Jodi Murphy (BC Green Party) — Murphy held a Bachelor of Science from the University of British Columbia and worked as operations manager of a research lab at Simon Fraser University located in Surrey Memorial Hospital. She had also run for the Greens in the riding in 2017, stepping forward to ensure voters had the option of supporting the party.

Sam Kofalt ran as an Independent and received a small share of the vote.

Local Issues

School overcrowding in the Fraser Heights area north of Highway 1 was the most acute concern for families in Surrey-Guildford. The rapid construction of single-family homes and townhouse developments had attracted young families at a rate that far exceeded classroom construction, with schools operating well over capacity and students learning in portable classrooms that cost the district millions annually to maintain. The NDP's 2017 promise to eliminate portables across Surrey remained unfulfilled, and the Surrey School District's annual expenditure of over $10.7 million on 361 portables was a persistent point of criticism. Hans argued that a Liberal government would accelerate school construction through streamlined capital approval processes, while Begg pointed to NDP investments in new schools and seismic upgrades, including the Salish Secondary School in nearby Clayton Heights, which was built to relieve pressure on Lord Tweedsmuir Secondary and its eighteen portables.

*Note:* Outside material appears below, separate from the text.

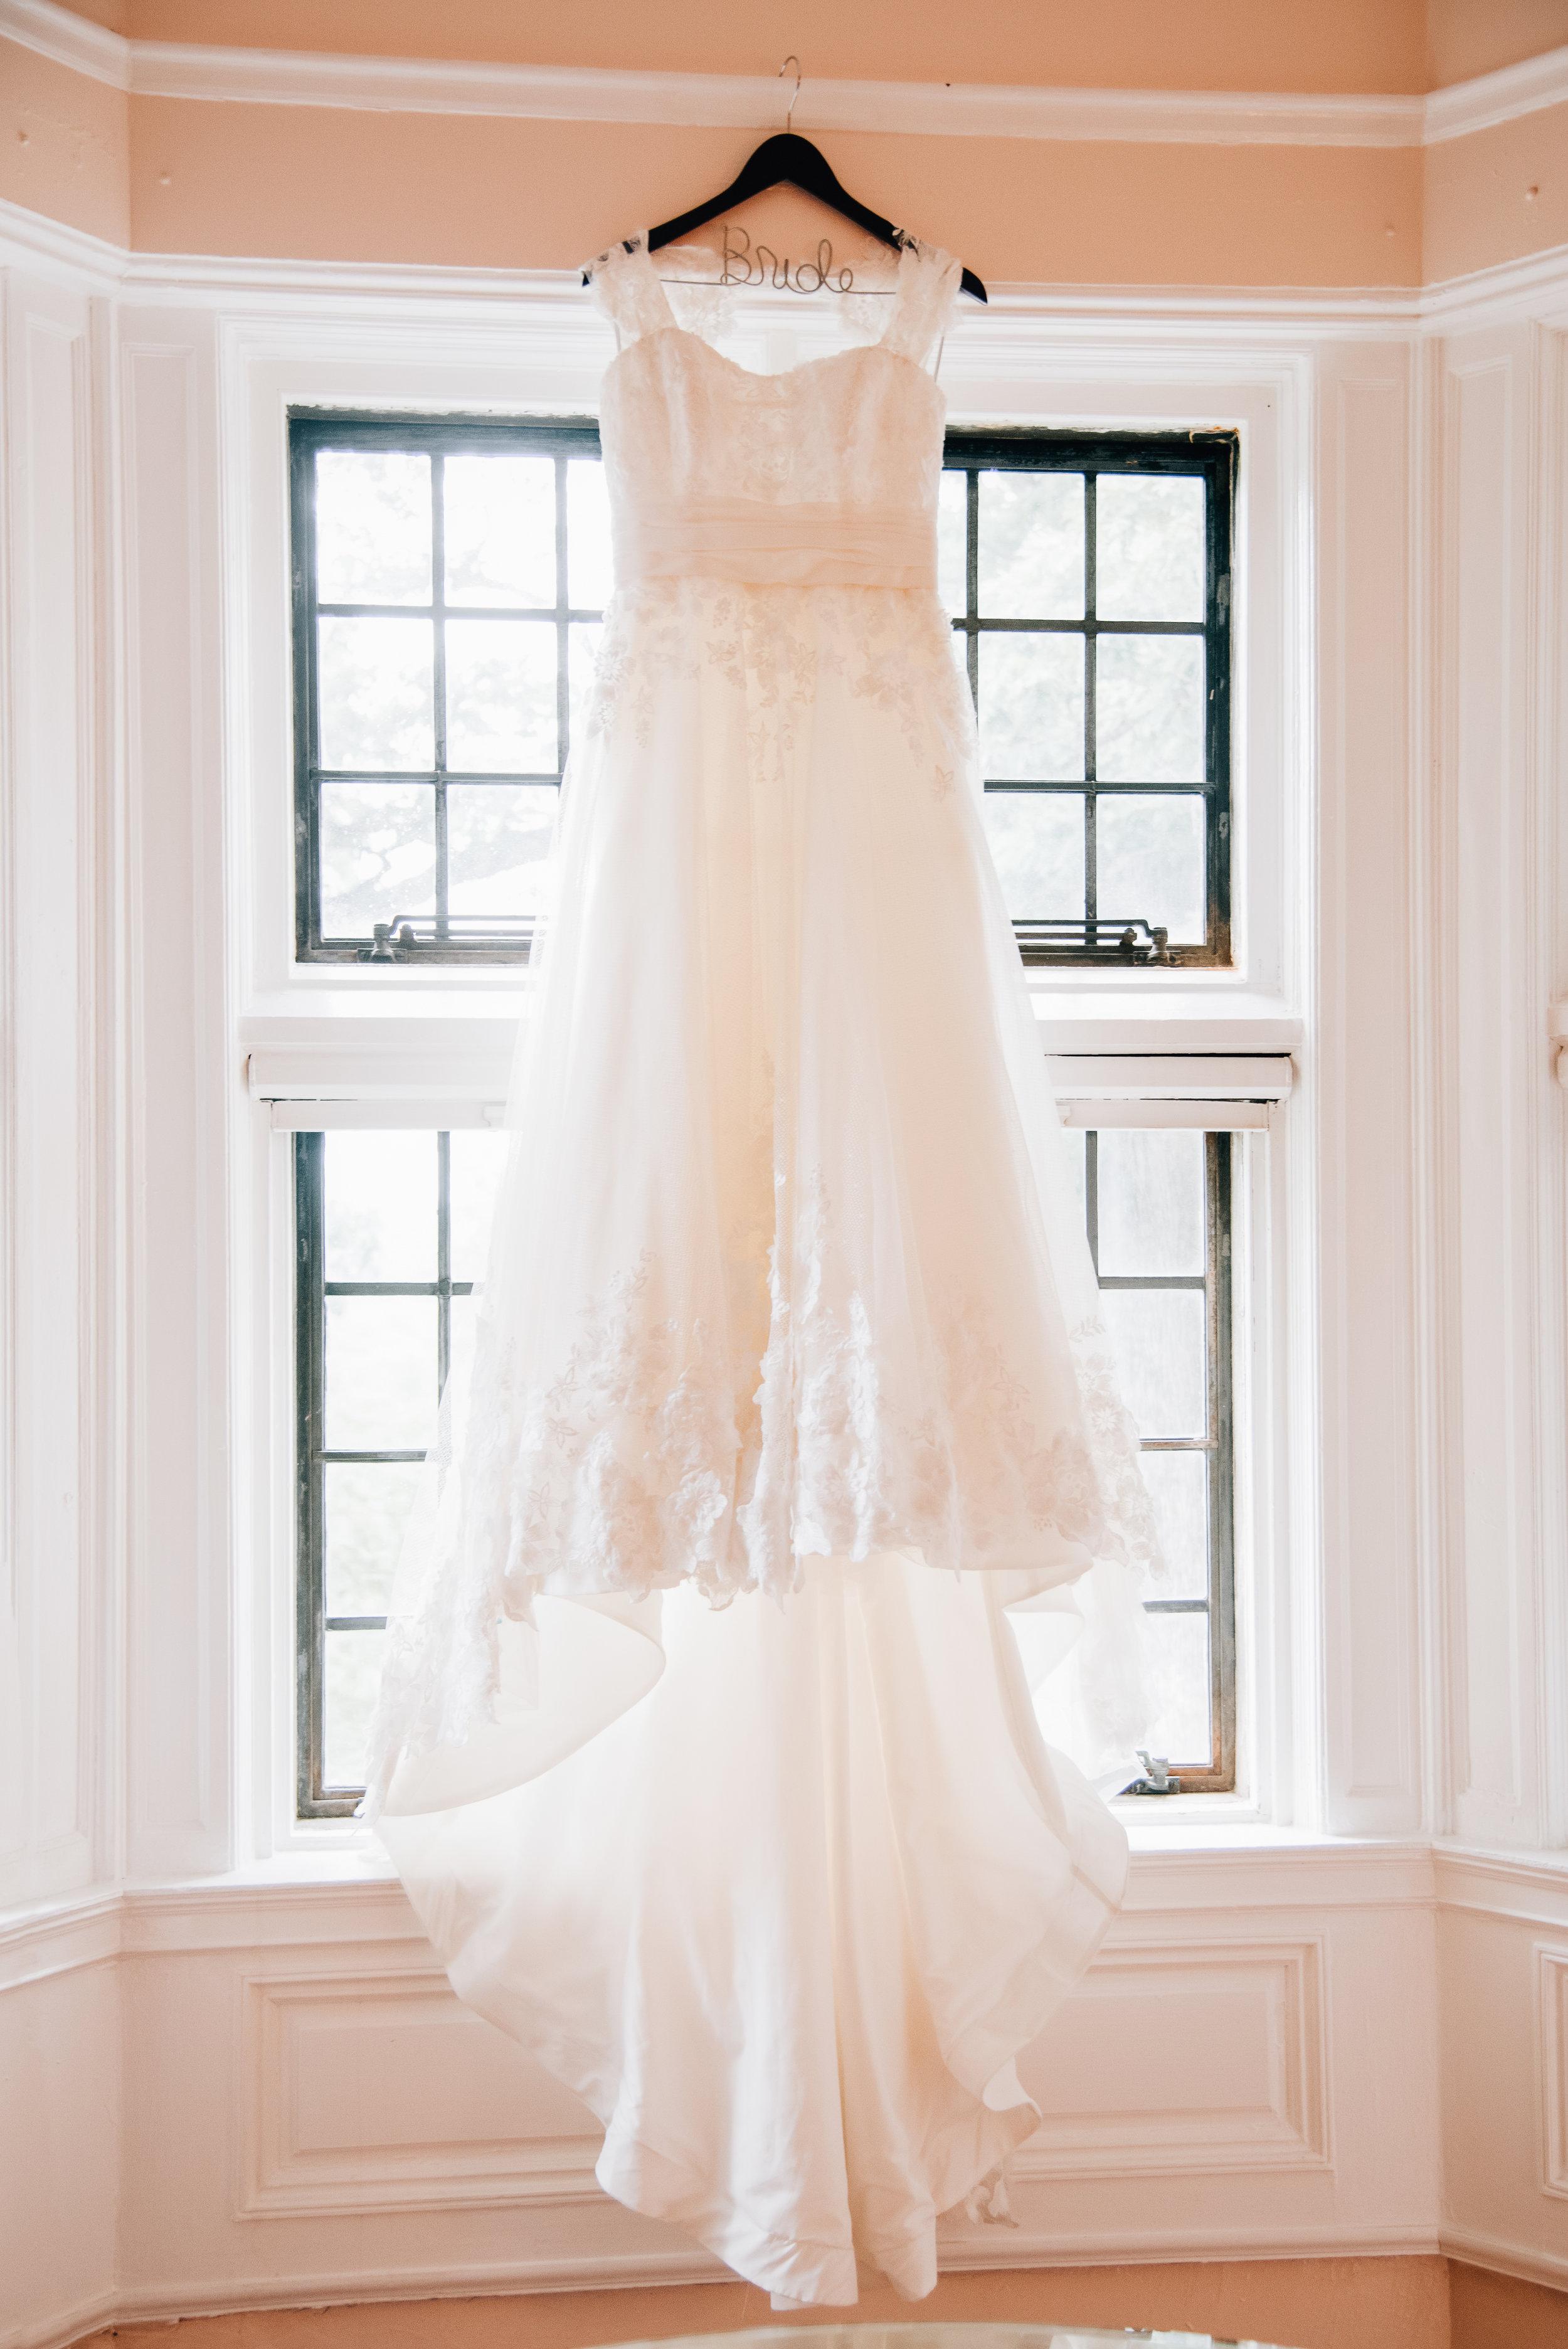 20180828_weddingwebsite_small_8.jpg

The policing transition debate that had consumed Surrey municipal politics since Mayor McCallum's October 2018 election carried directly into the provincial campaign. The NDP government had approved the transition from RCMP to the new Surrey Police Service in early 2020, but Guildford residents were divided on the change. Begg's thirty-eight-year career in the RCMP gave him a unique perspective, though he was careful to position the question as a municipal decision rather than a provincial one. Residents south of Highway 1 in the established Guildford neighbourhood reported ongoing concerns about property crime, auto theft, and drug-related activity near the mall, and questioned whether a new police service in its start-up phase would be able to maintain — let alone improve — the level of community policing they had come to expect from the RCMP detachment.

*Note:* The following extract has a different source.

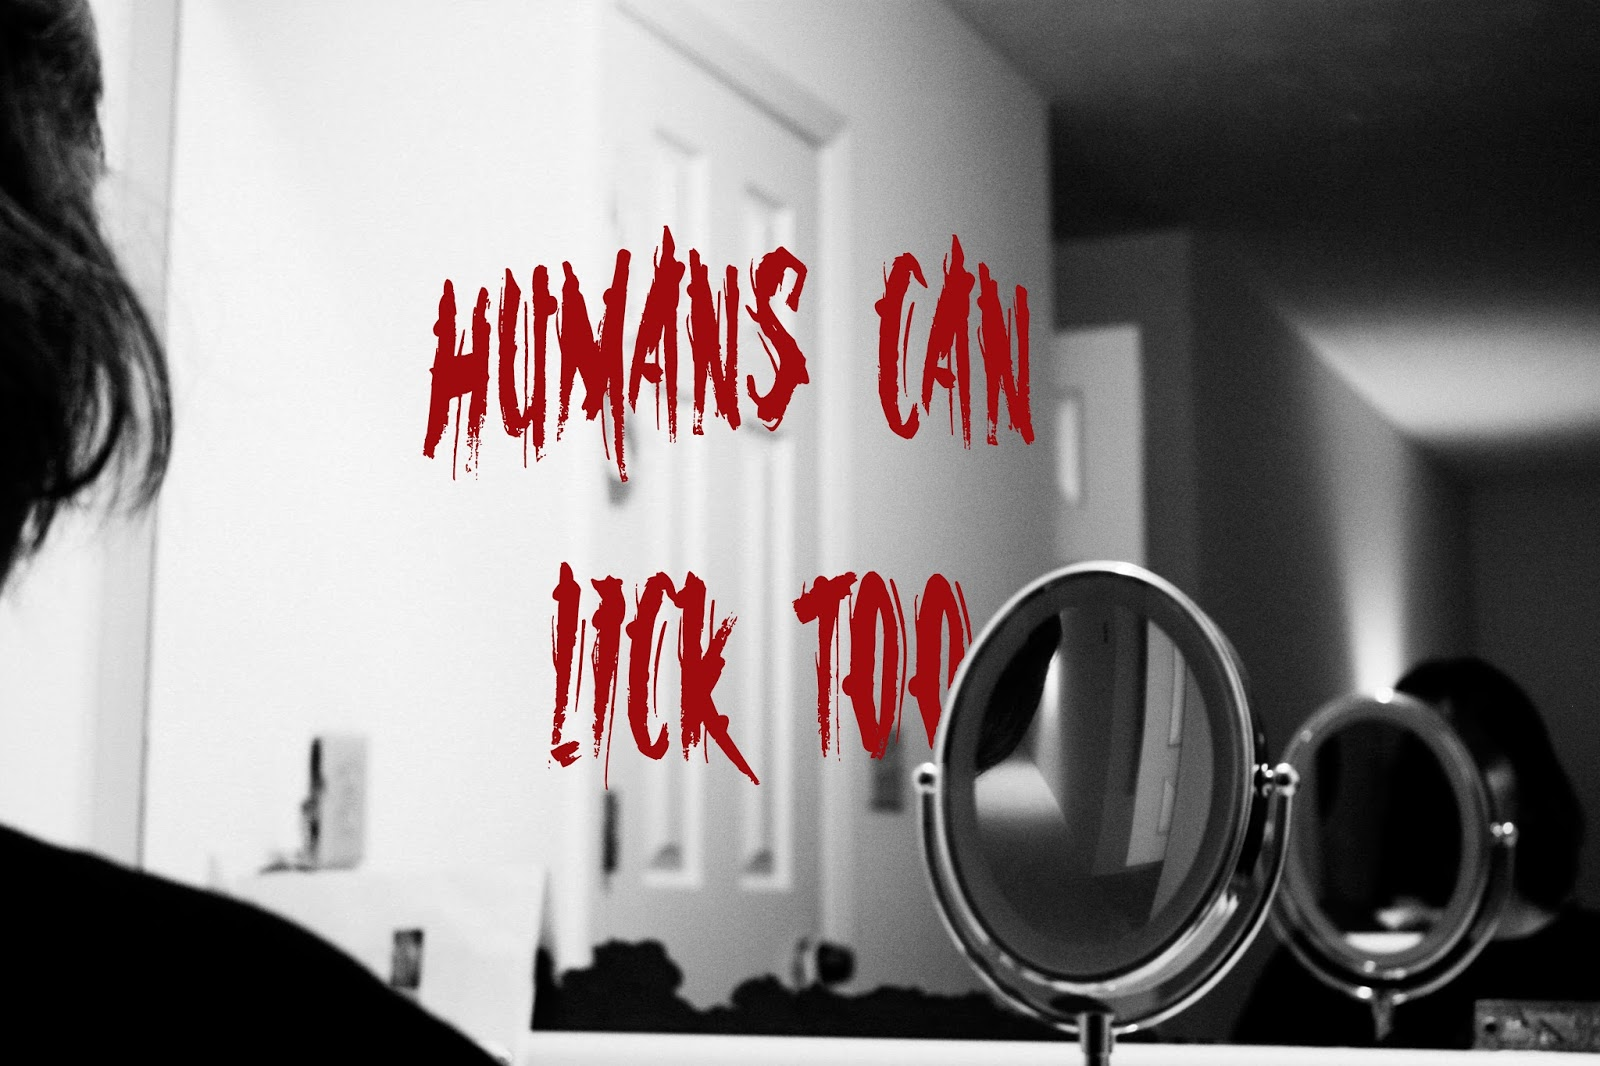 Humans lick hands too

The pandemic's impact on immigrant families and community organizations in Surrey-Guildford highlighted gaps in the province's emergency response that cut along linguistic and cultural lines. Hans's involvement with Progressive Intercultural Community Services — and his role in securing funding for Diversity Village, a 125-bed culturally sensitive seniors' care facility — underscored the particular vulnerabilities facing South Asian seniors who could not access in-person cultural programming, religious services, or family visits during lockdown restrictions. Language barriers complicated access to public health information, as provincial COVID-19 directives were not always available in Punjabi, Hindi, or other languages spoken widely in the riding. Workers in the gig economy and precarious employment — a significant segment of the riding's working-age population — found that federal and provincial relief programs were designed around traditional payroll employment and did not adequately cover self-employed contractors, ride-share drivers, or informal workers.

The broader affordability crisis affecting Surrey weighed on Guildford residents, whose neighbourhood sat at the intersection of established suburban housing and new higher-density development. The NDP's Speculation and Vacancy Tax and changes to the Residential Tenancy Act had provided modest relief on the rental side, but rising property assessments and the cost of living in Metro Vancouver continued to squeeze families on fixed or moderate incomes. Seniors in the riding, many of whom had purchased homes decades earlier at a fraction of current values, faced difficult decisions about aging in place versus selling into a market that had priced their grandchildren out of the neighbourhood.